Metadata-Version: 2.1
Name: bio-arc
Version: 0.0.2
Summary: Antigen Receptor Classifier
Home-page: https://github.com/iedb/arc
Author: Austin Crinklaw
Author-email: acrinklaw@lji.org
License: UNKNOWN
Platform: UNKNOWN
Classifier: Programming Language :: Python :: 3
Classifier: License :: OSI Approved :: GNU Affero General Public License v3 or later (AGPLv3+)
Classifier: Operating System :: Unix
Description-Content-Type: text/markdown
Requires-Dist: pandas
Requires-Dist: biopython

# ARC (Antigen Receptor Classifier)
### @authors: Swapnil Mahajan, Austin Crinklaw

## Requirements:
- Linux OS
- [HMMER3](http://hmmer.org/)
- NCBI Blast+
- Python 3+
  - Python packages: Pandas, BioPython

## How to use:

### Installation:
The easiest way to use the software is to download and utilize the Dockerfile.

ARC can also be downloaded through PyPI using the following pip command.
```shell
pip install bio-arc
```

### Input  
-  A fasta format file with one or more protein sequences.  
  ```
  >1WBZ_A_alpha I H2-Kb
MVPCTLLLLLAAALAPTQTRAGPHSLRYFVTAVSRPGLGEPRYMEVGYVDDTEFVRFDSDAENPRYEPRARWMEQEGPEYWERETQKAKGNEQSFRVDLRTLLGYYNQSKGGSHTIQVISGCEVGSDGRLLRGYQQYAYDGCDYIALNEDLKTWTAADMAALITKHKWEQAGEAERLRAYLEGTCVEWLRRYLKNGNATLLRTDSPKAHVTHHSRPEDKVTLRCWALGFYPADITLTWQLNGEELIQDMELVETRPAGDGTFQKWASVVVPLGKEQYYTCHVYHQGLPEPLTLRWEPPPSTVSNMATVAVLVVLGAAIVTGAVVAFVMKMRRRNTGGKGGDYALAPGSQTSDLSLPDCKVMVHDPHSLA
>1WBZ_B_b2m I H2-Kb
MARSVTLVFLVLVSLTGLYAIQKTPQIQVYSRHPPENGKPNILNCYVTQFHPPHIEIQMLKNGKKIPKVEMSDMSFSKDWSFYILAHTEFTPTETDTYACRVKHASMAEPKTVYWDRDM
  ```



### Commands
- A list of commands can be found via the -h flag
```shell
python -m ARC -h
```
- Specific commands are explained in a similar manner
```shell
python -m ARC <command> -h
```
- HMMs come by default but can be updated.
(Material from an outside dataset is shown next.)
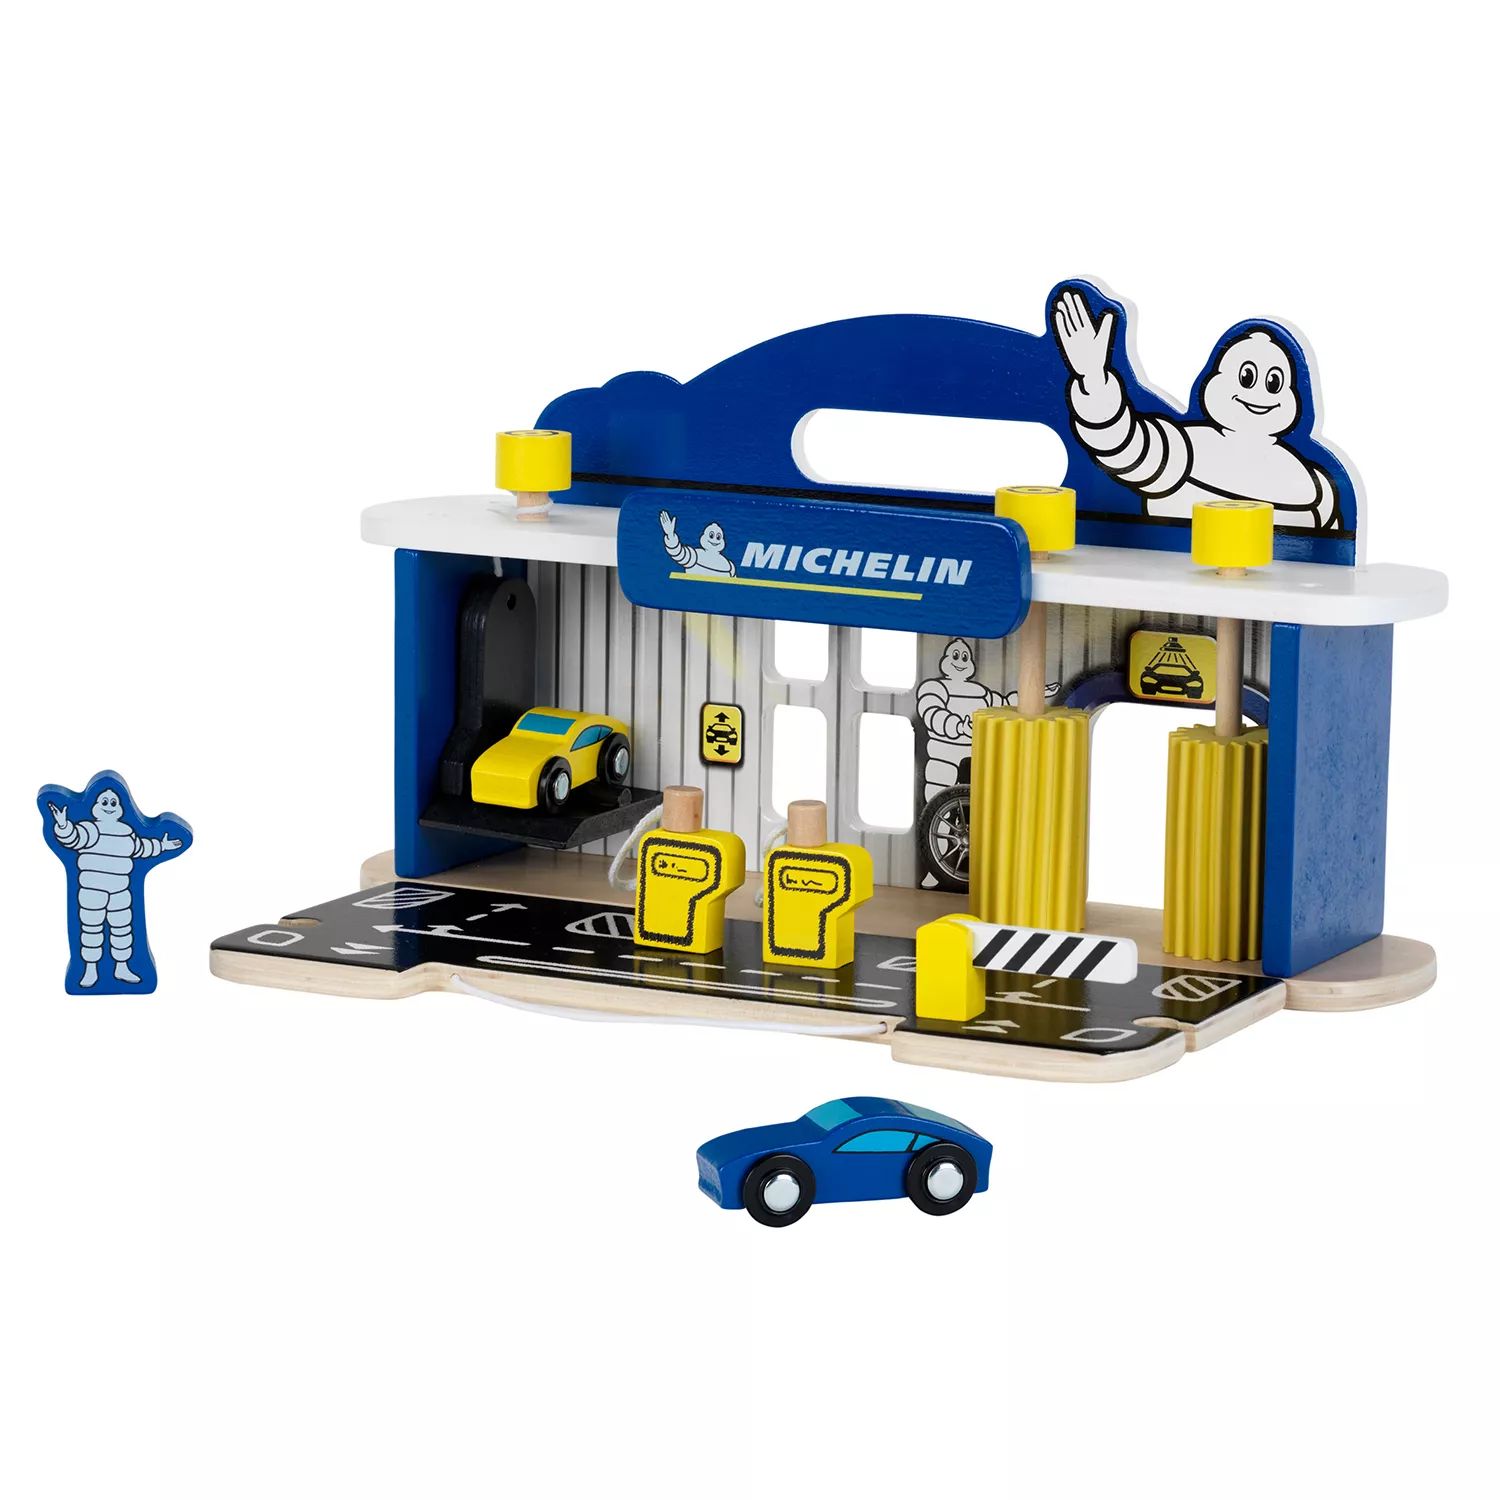 Детская игрушка Theo Klein Michelin Car Service Station с 2 машинками для детей от 3 лет и старше Theo Klein

If they are missing for some they can be added via the install command
```shell
python -m ARC update -archive
```
Note: Archive is an optional parameter that will create an archive folder with HMMs stored by date. You will find this in the data folder wherever you have installed ARC.

-  Using Fasta file as an input:
```shell
python -m ARC classify -i /path/to/input.fasta -o /path/to/output.csv
```
### Output  
-  Output file has 4 columns in CSV format. 
-  First column named 'ID' is the description provoded in the fasta for each sequence.  
-  Second column named 'class' is the assigned molecule class for each sequence.
   -  e.g. MHC-I, MHC-II, BCR or TCR.  
-  The third column named 'chain_type' is the assigned chain type for each sequence.
   -  e.g. alpha, beta, heavy, lambda, kappa, scFv, TscFv or construct.
-  The fourth column named 'calc_mhc_allele' is the MHC allele identified using groove domain similarity to MRO alleles.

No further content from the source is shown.